If you’re male and straight, why not enjoy some Ohmiya action and wonder what it’d be like to be locked in Nino’s sexual powerhouse grip? If you’re liking GP Basic or Ebichuu, what’s wrong in indulging in a Nabokovesque daydream if that’s where your fancy takes you? The important part is remembering it’s a fantasy space, it’s all part of an imaginative exercise – idols aren’t real relationships, they’re pararelationships, and what we think of idols is a simulacra of how we can relate to real people, how we can deal with real emotional ties.
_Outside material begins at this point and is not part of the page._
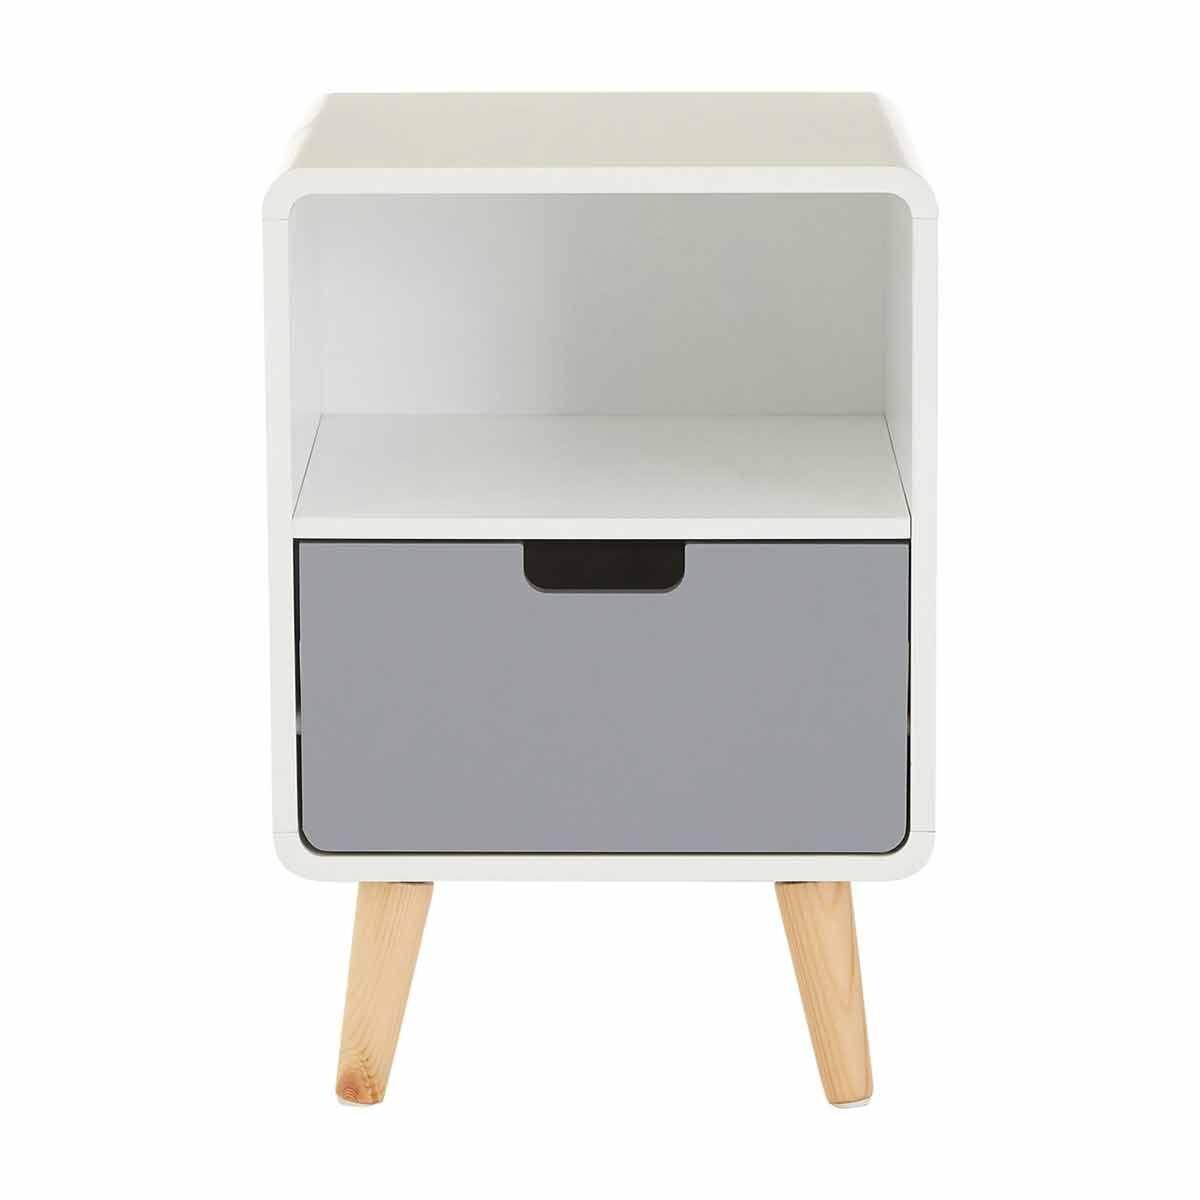 Premier Housewares Milo 1 Drawer Cabinet with Shelf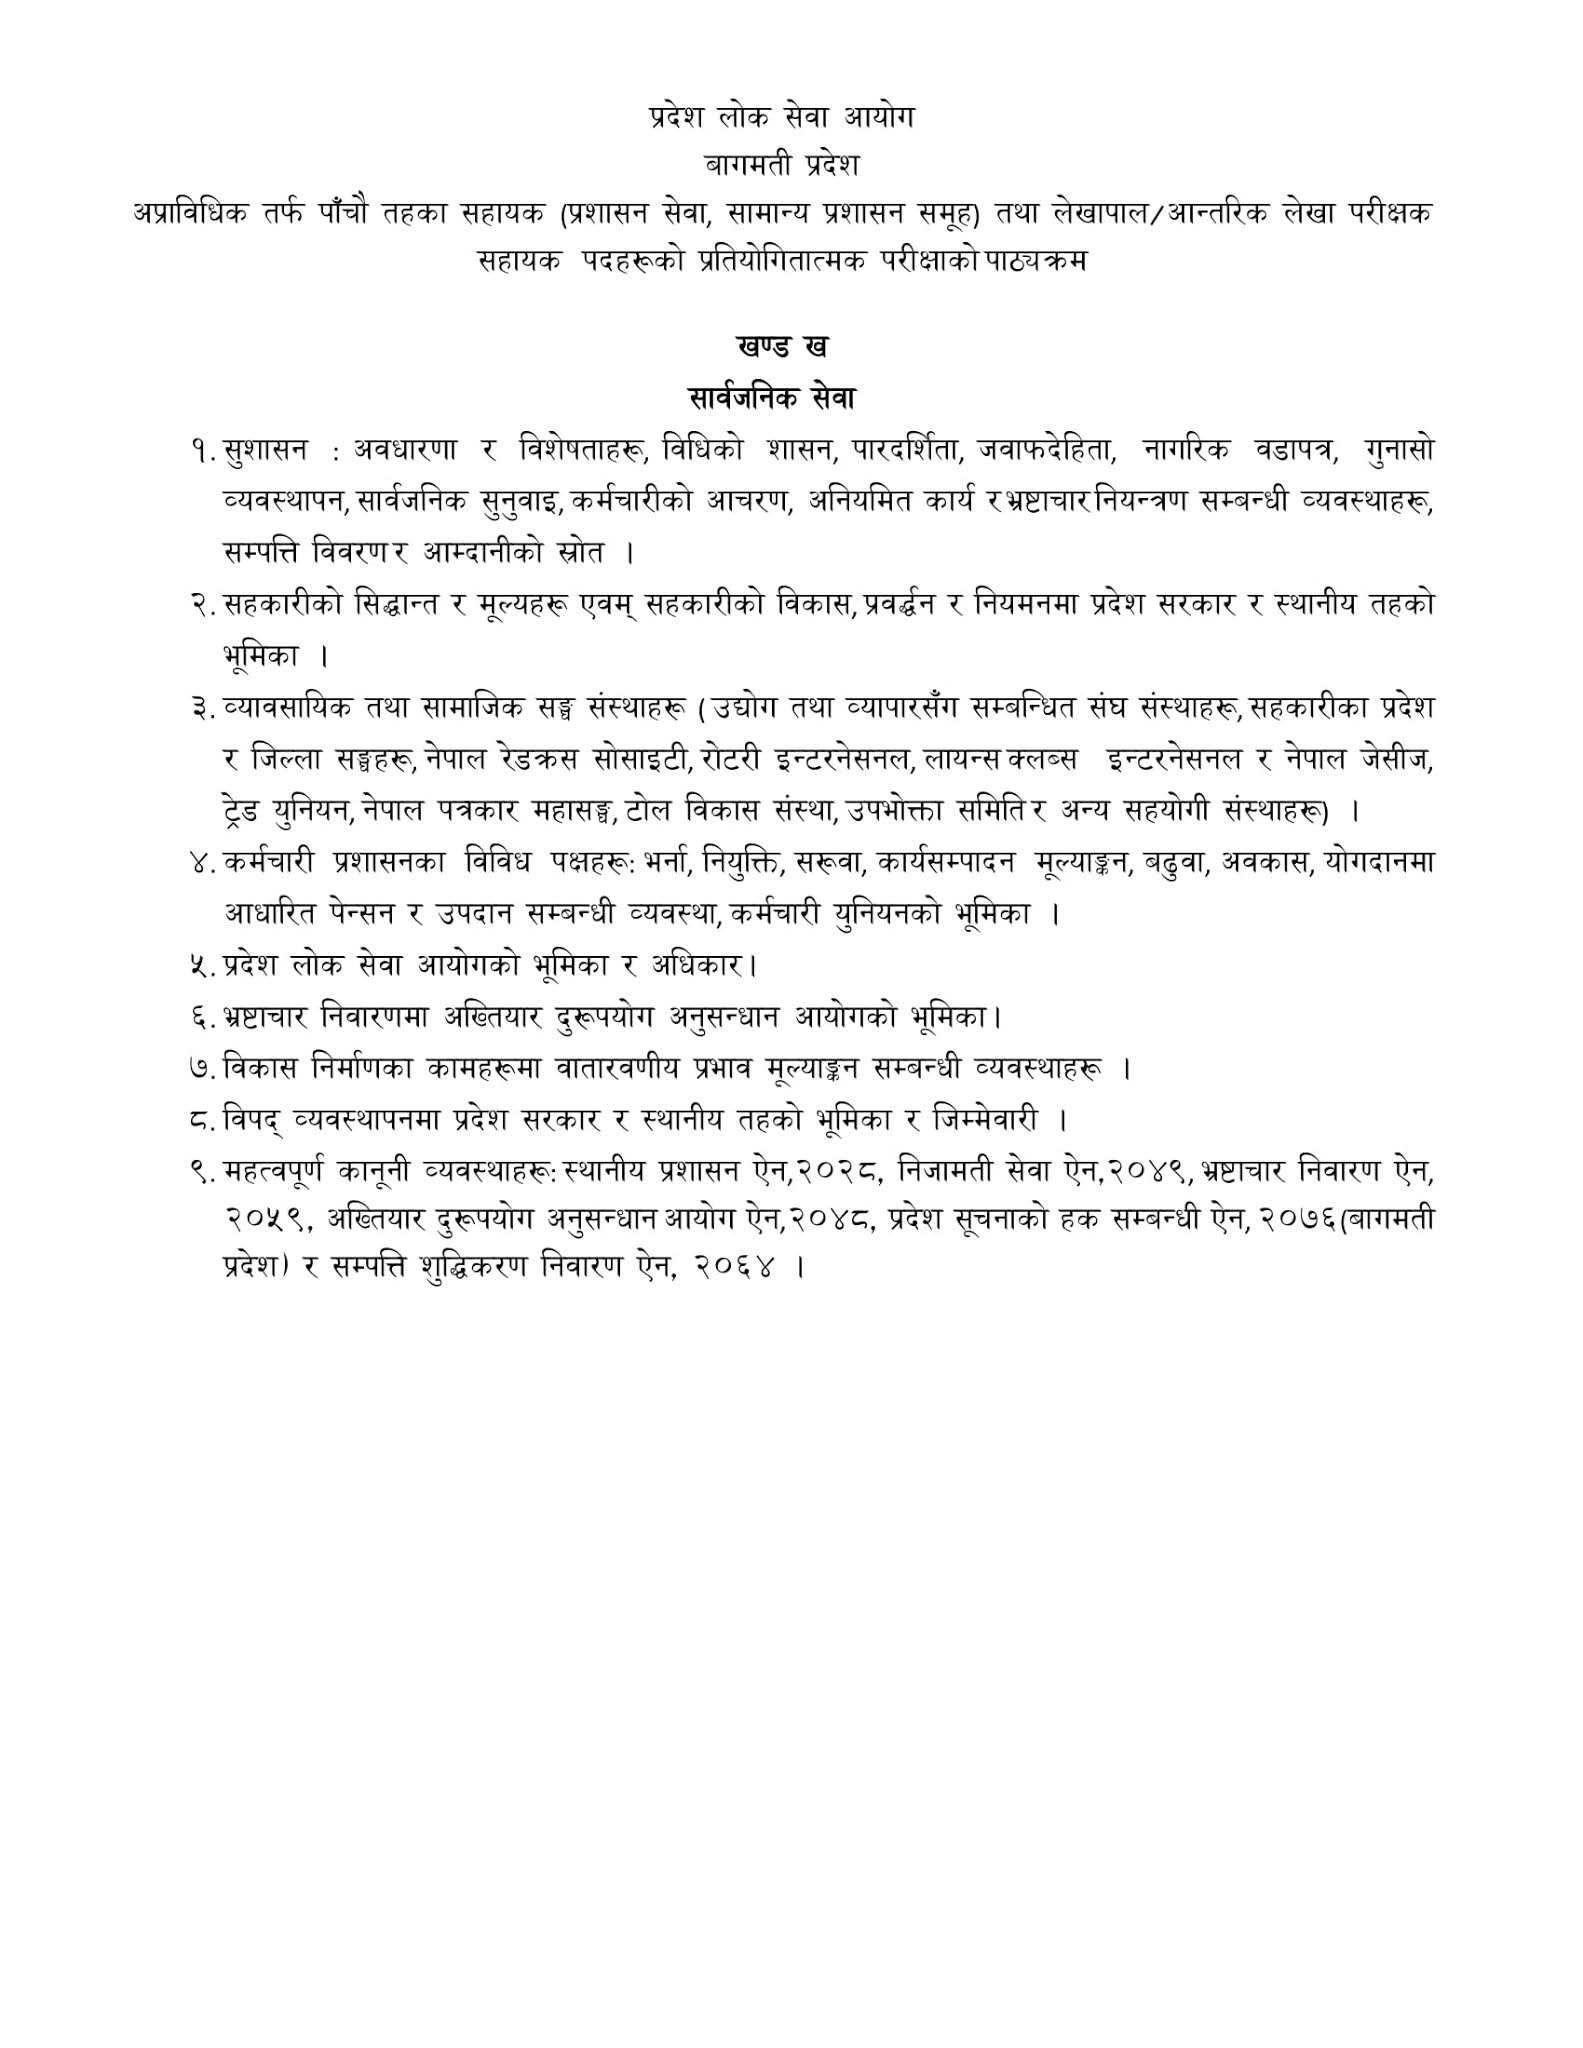 Bagmati Pradesh Assistant 5th Level Non Technical Syllables बागमती प्रदेश अप्राविधिक सहायक तह ५ पाठ्यक्रम

It’s just like falling in love, but with the safety net of being strictly on-the-screen and in-your-head. That’s an important limitation – and if we find ourselves thinking beyond that limit, to think liking Junnosuke of KAT-TUN may mean I would want a blonde Japanese boy in real life… Well, maybe one has stumbled on a greater truth than first suspected, and one has to tread so much more carefully if that’s the case. Yes, self-discovery can be ushered in by idols and idol love, but the step into everyday realities means lust and caution must go hand-in-hand. And while I don’t think it’s unheard of, I’m willing to bet that if you’re already agonizing over whether or not you’re queer just because a KAT-TUN video gives you a hard-on, then idols probably aren’t the first time this dilemma came up, so to speak.
So get your freak on, heed Amuro Namie’s words to “Want Me, Want Me”, and have fun with what’s out there! Just remember to check your head once in a while, or you’ll end up in front of a judge going, “I swear to God I thought that goat was over eighteen.”